During the past twenty years, the healthcare industry has become increasingly aware of the interaction of general medical and psychiatric illness described above. Movement to correct health system barriers to integrated physical and BH care is gaining momentum, thus, we are entering a phase of growth in which there is and will be an increasing demand for practitioners with the interest and expertise to address both medical and psychiatric needs in patients with comorbid illness. Combined internal medicine and psychiatric, family practice and psychiatry, and pediatric and adult/child psychiatry residencies are the premiere way to obtain the skills needed to do so.
Unlike even five years ago, opportunities for physicians with combined training have expanded dramatically. They include but are not limited to:
- Integrated, psychiatrically supported, medical outpatient clinics, e.g. collaborative care, soon to be paid through sustainable medical benefits;
- Integrated medical and psychiatric inpatient units (Complexity Intervention Units—CIUs), e.g. University of Iowa Hospitals, Portland Hospital (Maine), St. Mary’s Hospital (Michigan), Massachusetts General Hospital, Duke University Hospital, others
- Integrated substance use disorder programs, e.g. primary care based buprenorphine clinics, primary care based alcohol screening and brief intervention (part of general medical clinics), primary care based physical health, alcohol detoxification, and rehabilitation programs
- Delirium prevention and treatment (often associated with CIUs)
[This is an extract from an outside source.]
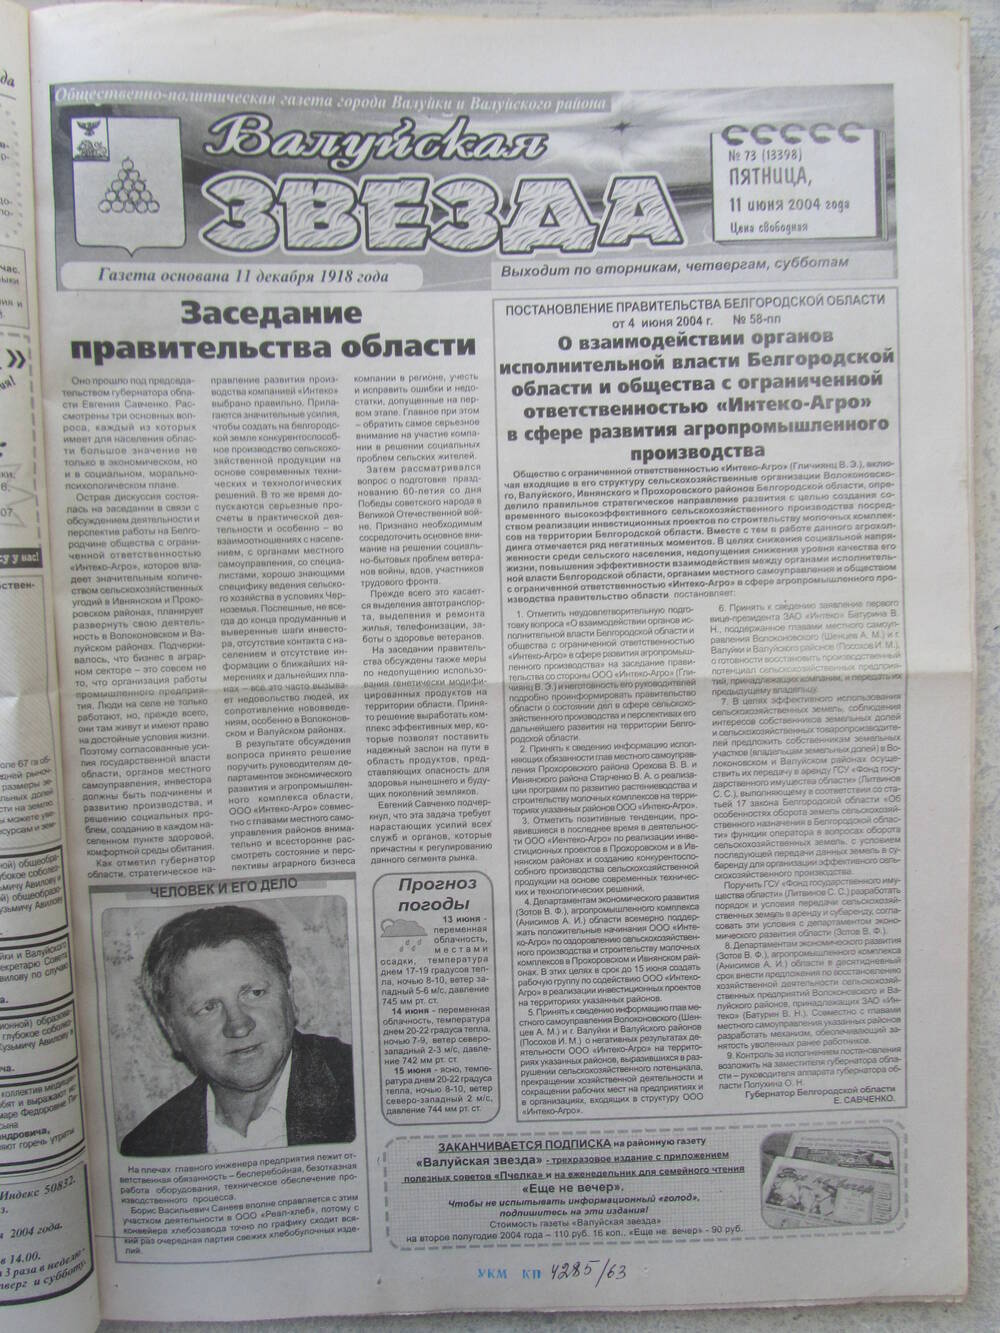 Газета Валуйская звезда №73 от 11.06.2004 г

- Physical health prevention and intervention programs for the chronic and persistent mentally ill, e.g. state and county mental hospitals, correctional facilities
- Specialty combined physical and BH treatment programs, e.g. eating disorders, oncology programs, end stage renal disease programs
- Integrated physical and BH administration, policy making
Up to this point, we have discussed practical reasons to consider becoming a physician with medical and psychiatric training but have neglected to talk about the patients suffering the ravages of concurrent physical and mental illness seen by those with combined training on a daily basis. Without a question, these are some of the most interesting, challenging, and demanding patients seen in the medical system. They are also among the most rewarding. Having the skills to reverse the downward spiral of patients who have failed treatment in several other areas within the health care system, leaves the jointly trained physician with a sense of accomplishment that few other practicing physicians experience.
Finally, integrated physical and mental health care is at its inception. Those who enter it at this time will have a wide variety of options at their fingertips. Many, in fact, will be able to create their own practice environment as interest in better ways to address the needs of complex, often high cost, patients gains importance. Those with combined training are at a particular advantage because they belong to two guilds, their medical guild (internal medicine, family practice, pediatric) and their psychiatry guild. As a member of both, it is possible to orchestrate cross-disciplinary opportunities that can only happen when ownership by cross-disciplinary stakeholders is needed for it to succeed.
Today’s world is much different than the one that I entered in 1980 as an internist and psychiatrist. Not only did organizations not know what to do with me, they also did not see a vision for better care of patients in the future. Your world is different. While many still will not understand the value that those with combined training can bring, they now know that whatever it is, it has to be better for patients’ health and economic viability than what is available in our fragmented delivery system. Thus, as you enter, create your own vision of value in your area of practice interest and pursue it with passion.